New Issue Brief from Rivera: PBM Reform Raises the Bar for Pharmacy Benefit Oversight but Does Not Replace It

Rivera examines why federal and state pharmacy benefit reforms demand continuous, claim-level monitoring, not just new rules

COLUMBUS, Ohio–(BUSINESS WIRE)–Rivera, an independent pharmacy payment integrity company, published a new issue brief examining why the current wave of PBM reform raises the bar for pharmacy benefit oversight without replacing the need for it.


Recent federal and state actions have increased scrutiny of how pharmacy benefits are administered, including changes tied to Medicare Part D, ERISA disclosure expectations, and broader oversight of PBM practices. But legislation alone does not verify whether new contract terms, pricing structures, and regulatory requirements are being applied correctly at the claim level.

The brief, titled “Reform does not enforce itself: Why PBM legislation demands continuous oversight,” argues that this verification gap requires a new operating discipline: continuous oversight of pharmacy claims.

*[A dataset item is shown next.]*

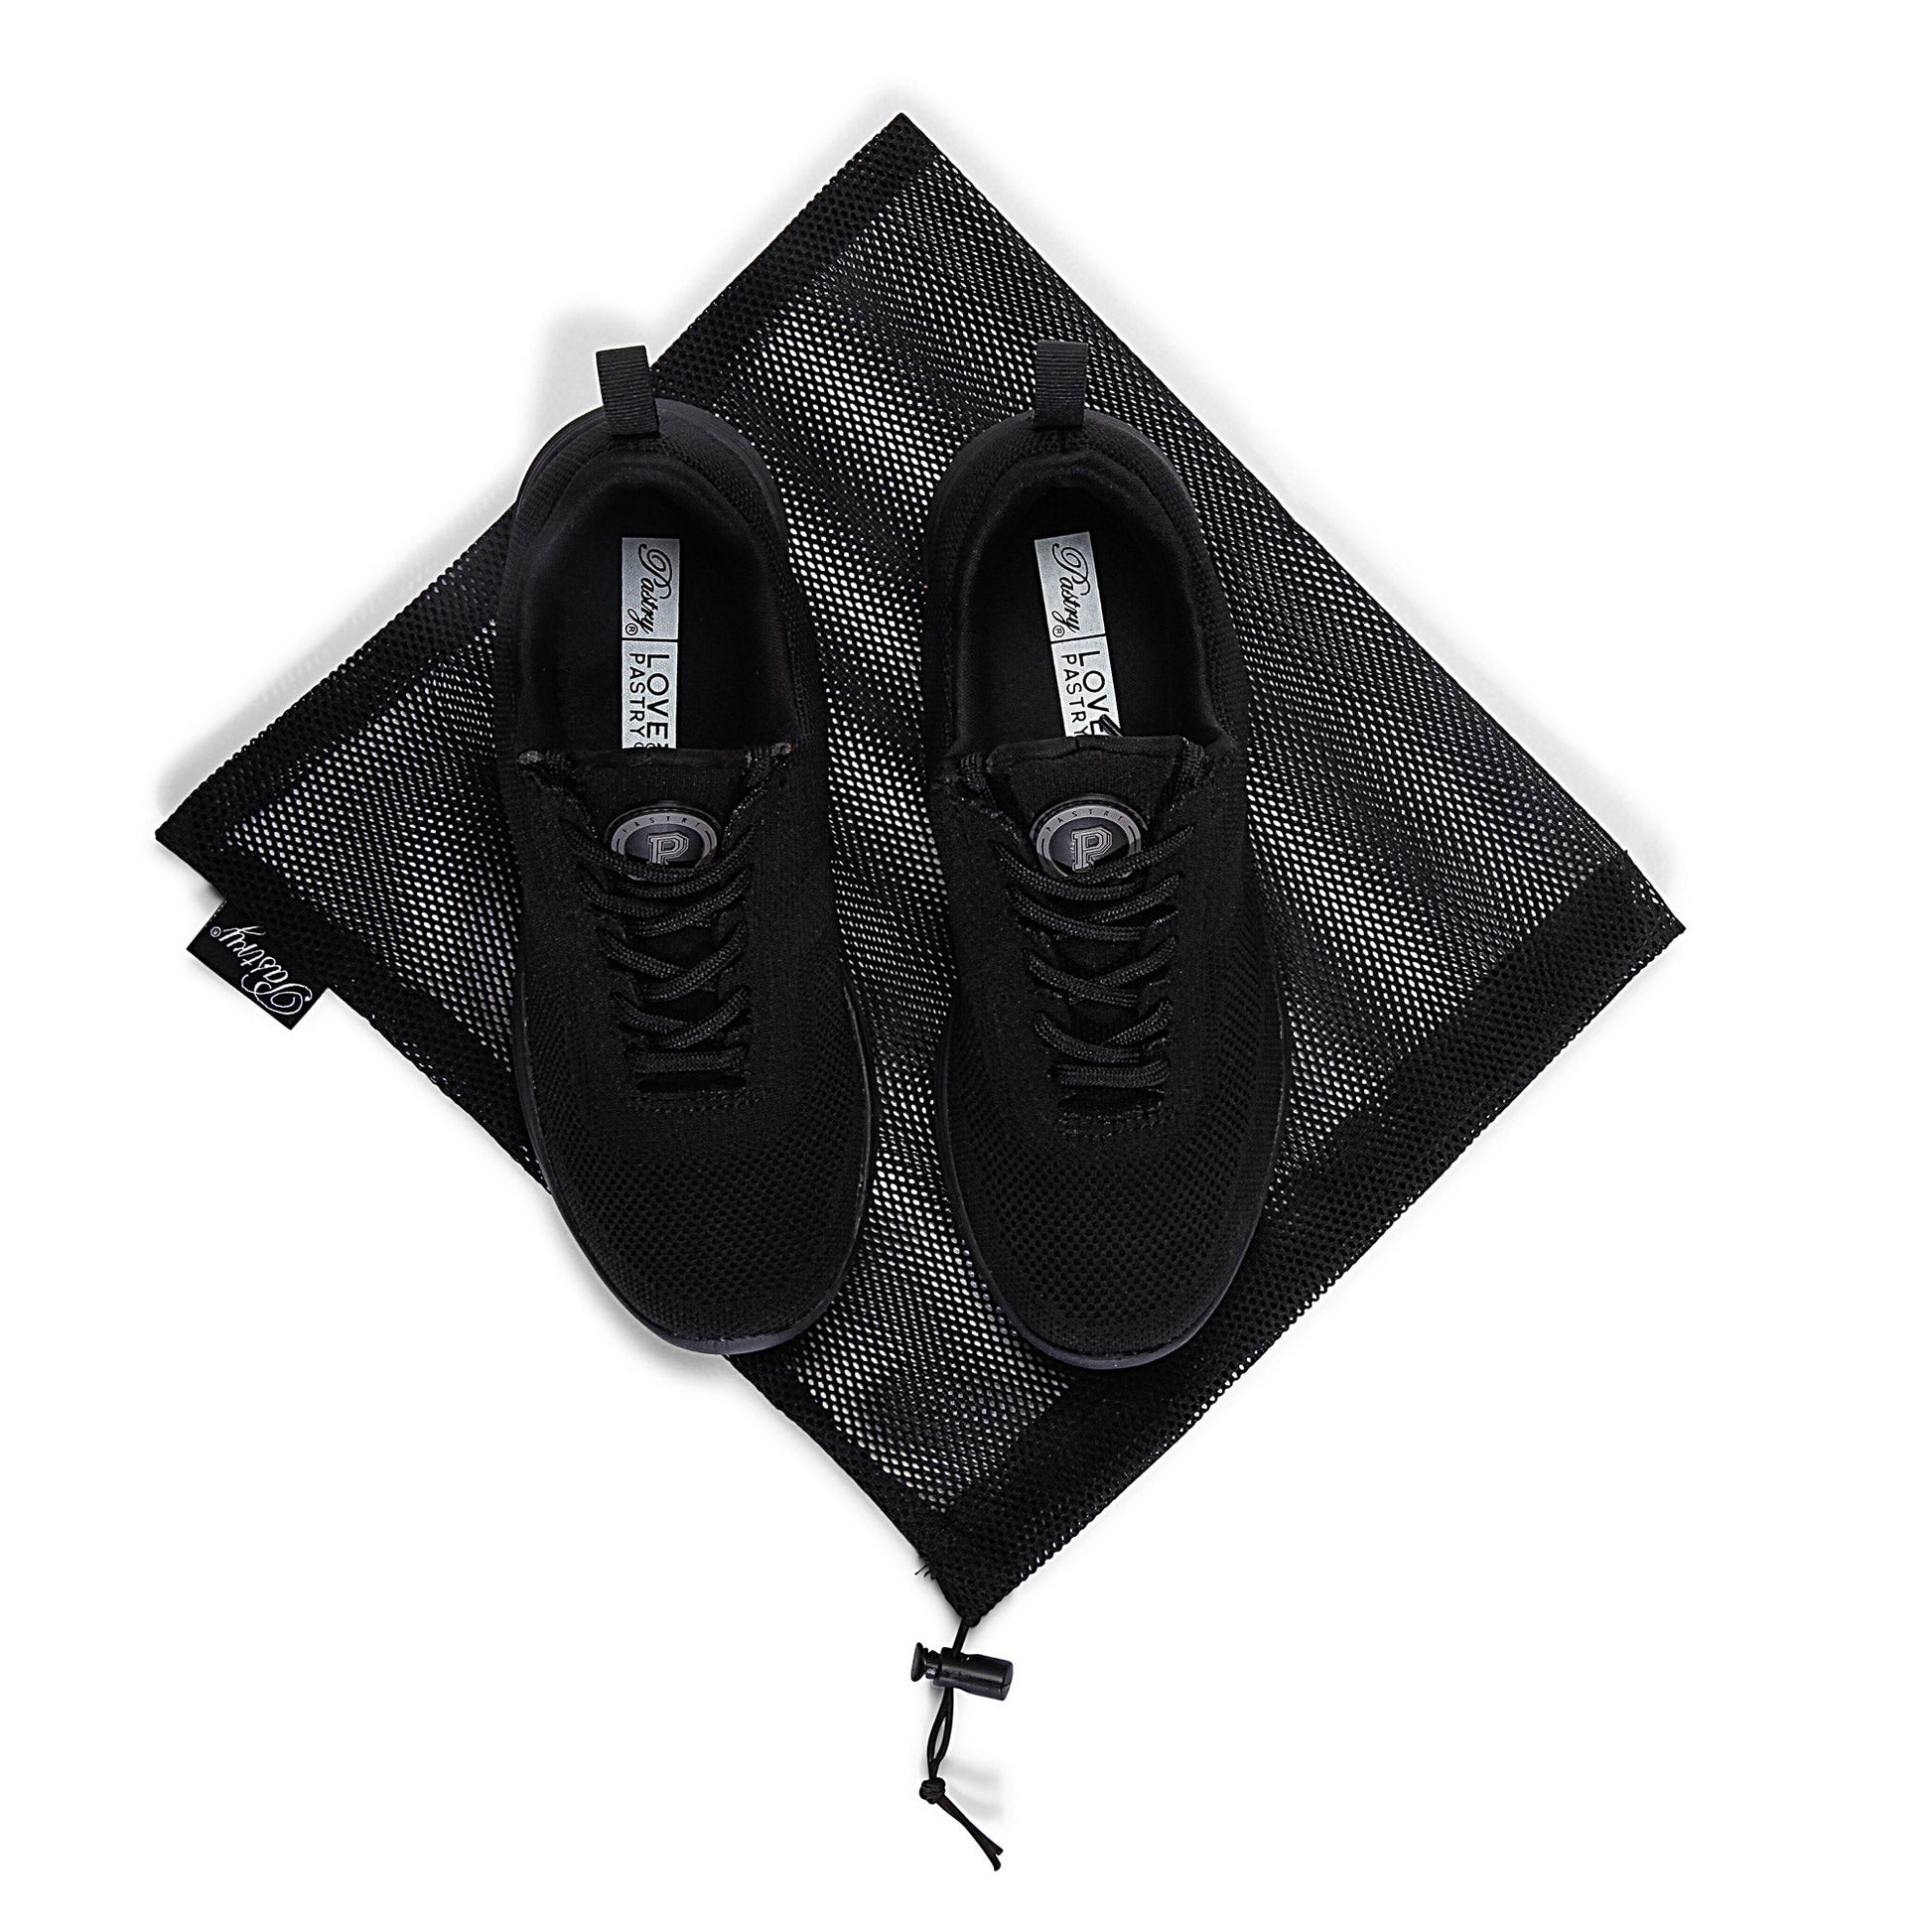 Pastry Studio TR2 Adult Women's Sneaker in Black/Black with bag

The issue brief details how reform has shifted the pharmacy benefit landscape in four key areas: PBM compensation models are moving toward delinked fees and full rebate pass-through; disclosure and audit expectations are expanding under the proposed DOL rule; regulatory and political focus on PBM practices has become sustained rather than episodic; and state-level requirements continue to stack across licensure, spread pricing, and network rules. Each of these shifts must ultimately be reflected in contracts, benefit designs, and claims configuration, and each creates new opportunities for errors that traditional periodic audits are not designed to catch in real time.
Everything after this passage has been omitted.